Handling URLs with diacritics in XAMPP application27.06.2018
came across created myself a case for an Apache + MySQL + PHP application. A user visits path that contains “weird” (namely: Polish) characters. This path is then used to get a unique row from DB.
During finding my way from Apache 404 error page to working solution I compiled the following recipe just for you from online-researched information about each layer.
Our example URL will be
http://example.com/trudność. “Trudność” means “difficulty” in Polish, and is a perfect summary of my little development story.

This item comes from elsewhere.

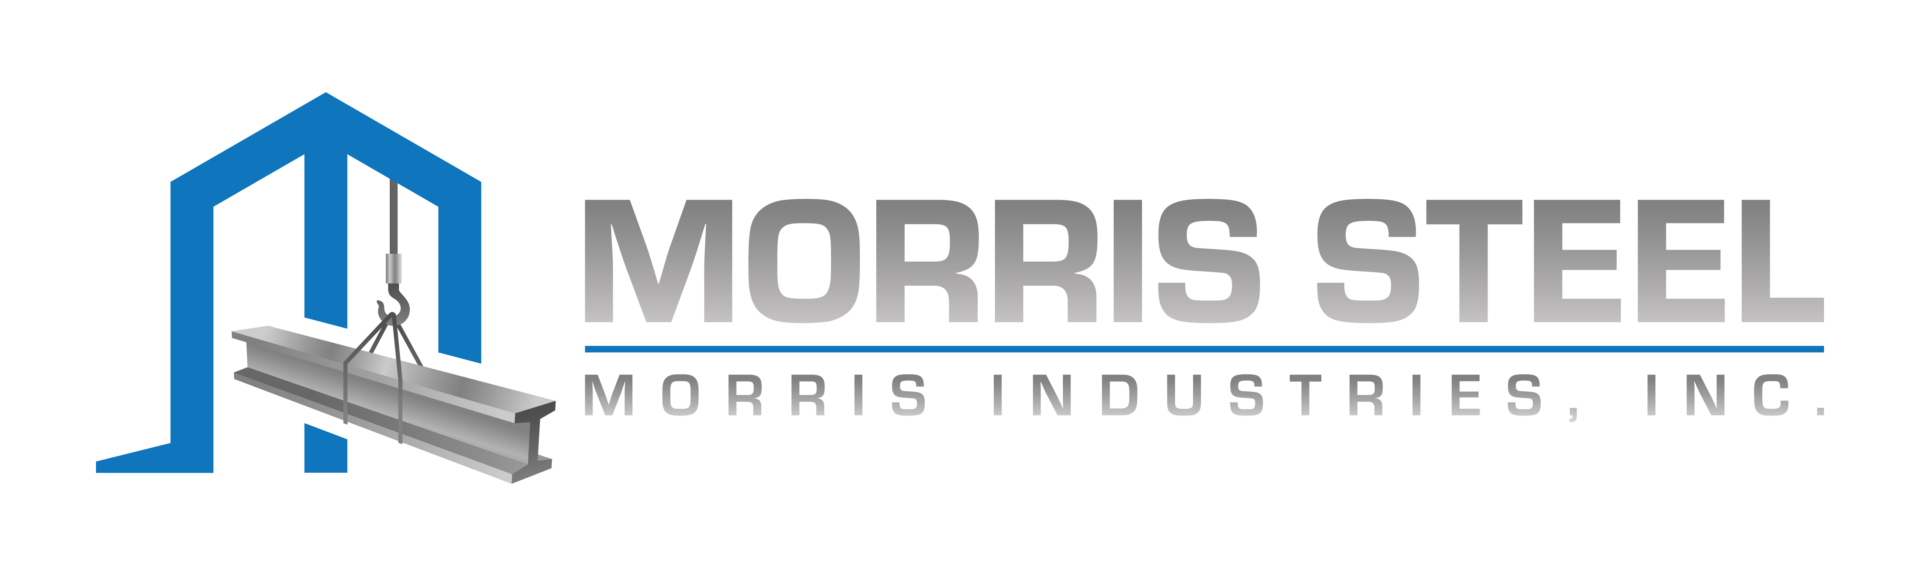 Morris Steel Horizontal Blue Light Text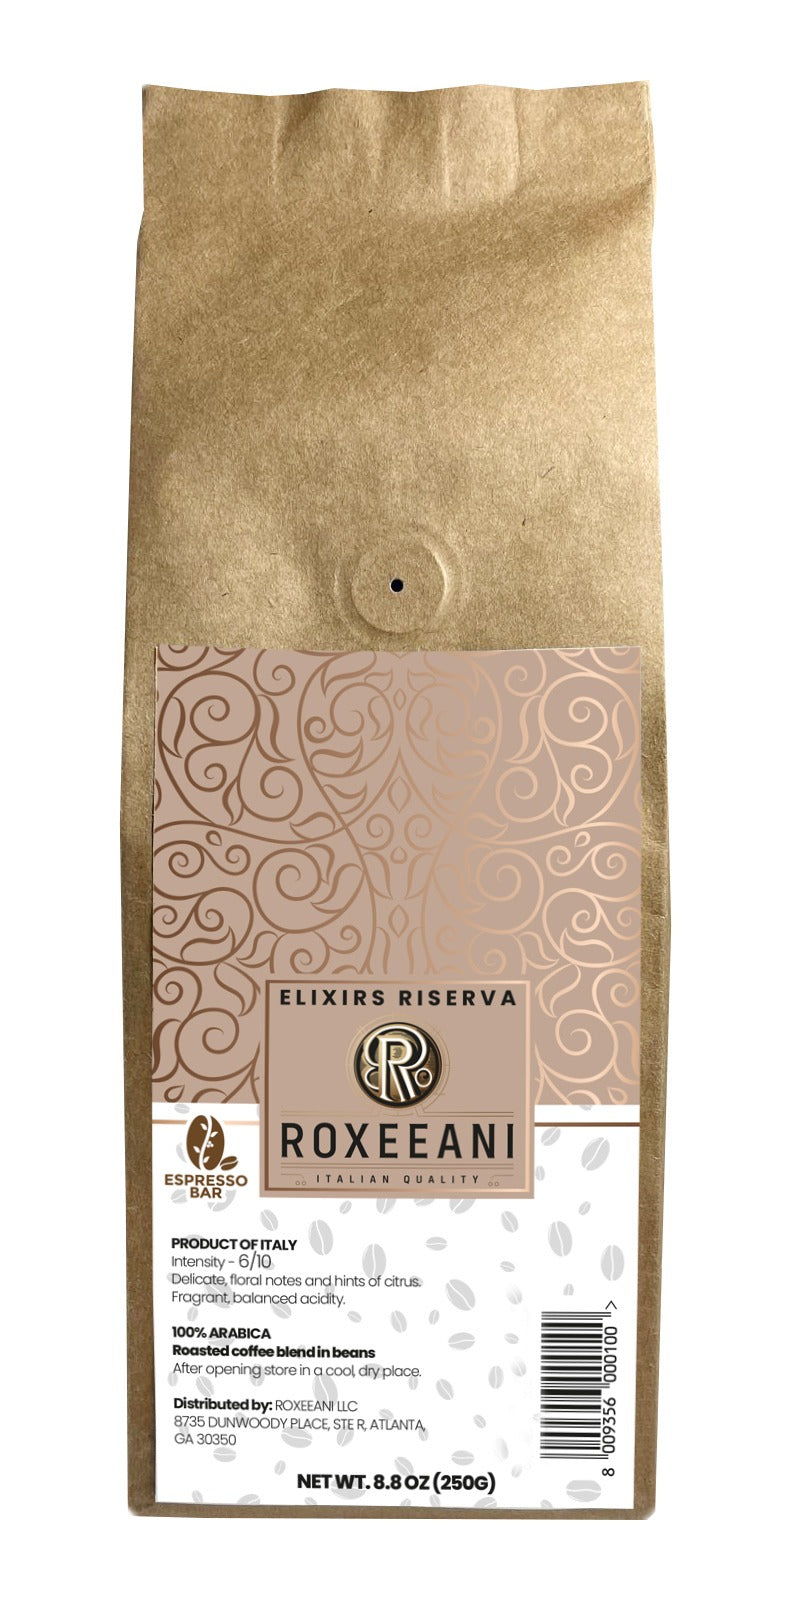 Italian Coffee in beans Elixirs Riserva

I’m using a Front Controller design pattern, which means I redirect every request to index.php (using Apache mod_rewrite). The following configuration gave me 404 error page when I tried to access
1 2 3 RewriteEngine On # ...other rules RewriteRule ^.*$ index.php
In the above example I omitted some other RewriteRules for clarity. We wouldn’t want index.php to handle serving virtually all requests including styles, images or static views. So the presented RewriteRule goes last as a kind of “fallback” for anything not matched by previous rules.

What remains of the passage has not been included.